───── INFORMATION PROVIDED ─────

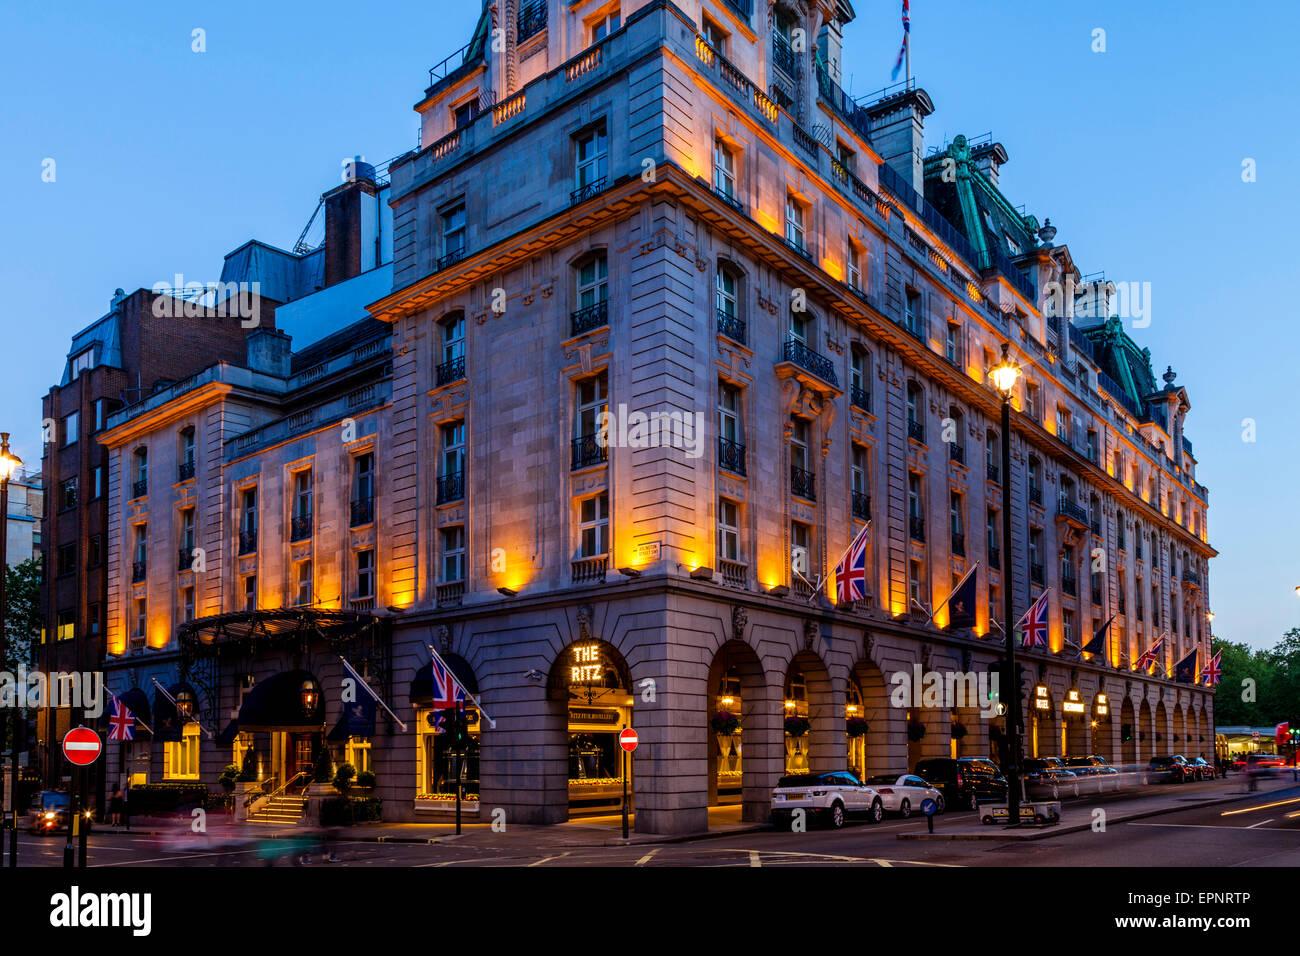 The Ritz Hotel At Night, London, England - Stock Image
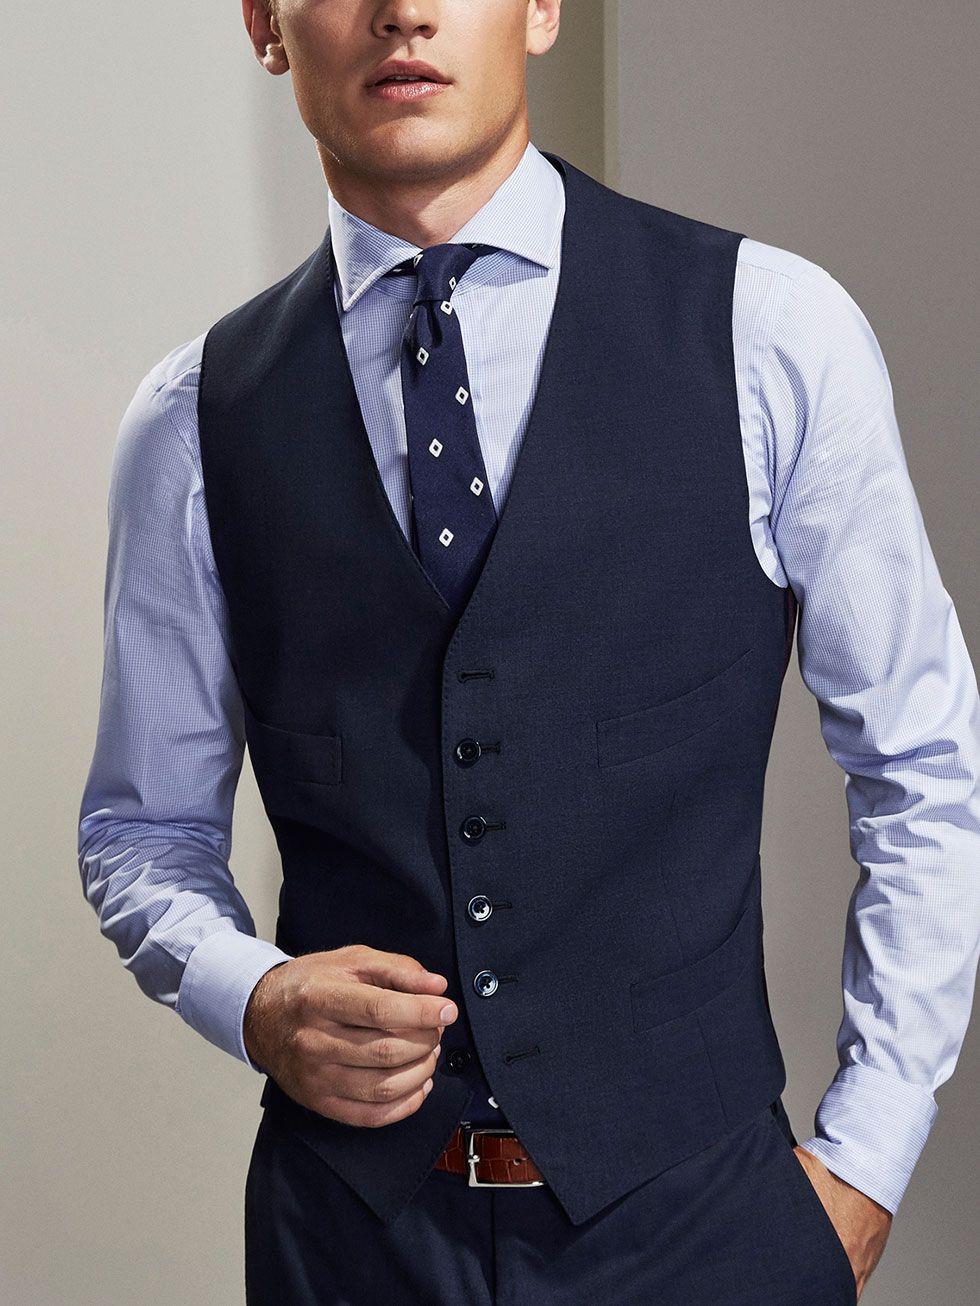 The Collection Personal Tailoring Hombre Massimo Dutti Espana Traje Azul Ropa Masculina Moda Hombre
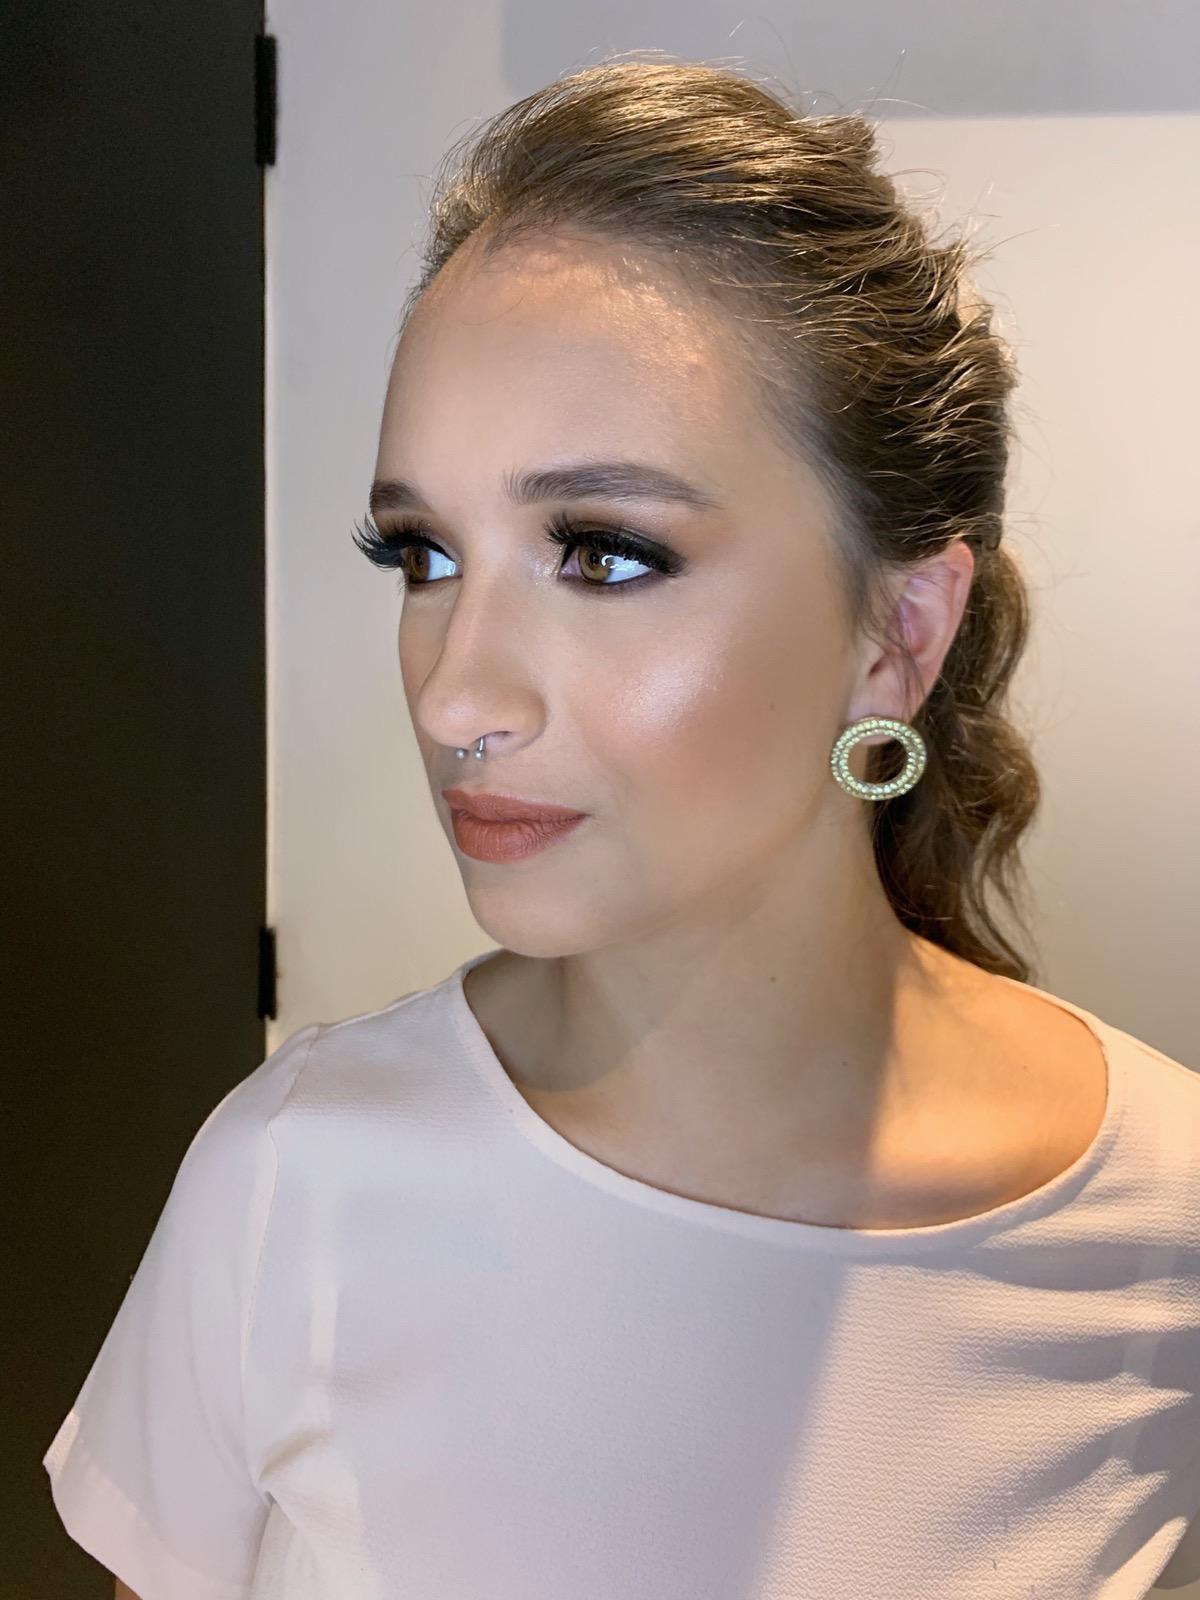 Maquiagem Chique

─────

**TASK BRIEF:** Here the requirement is to restate exactly the line holding "The Collection Personal" and every later line through the end of the material, omitting pictures.

**ANSWER SECTION:**
 The Collection Personal Tailoring Hombre Massimo Dutti Espana Traje Azul Ropa Masculina Moda Hombre
 Maquiagem Chique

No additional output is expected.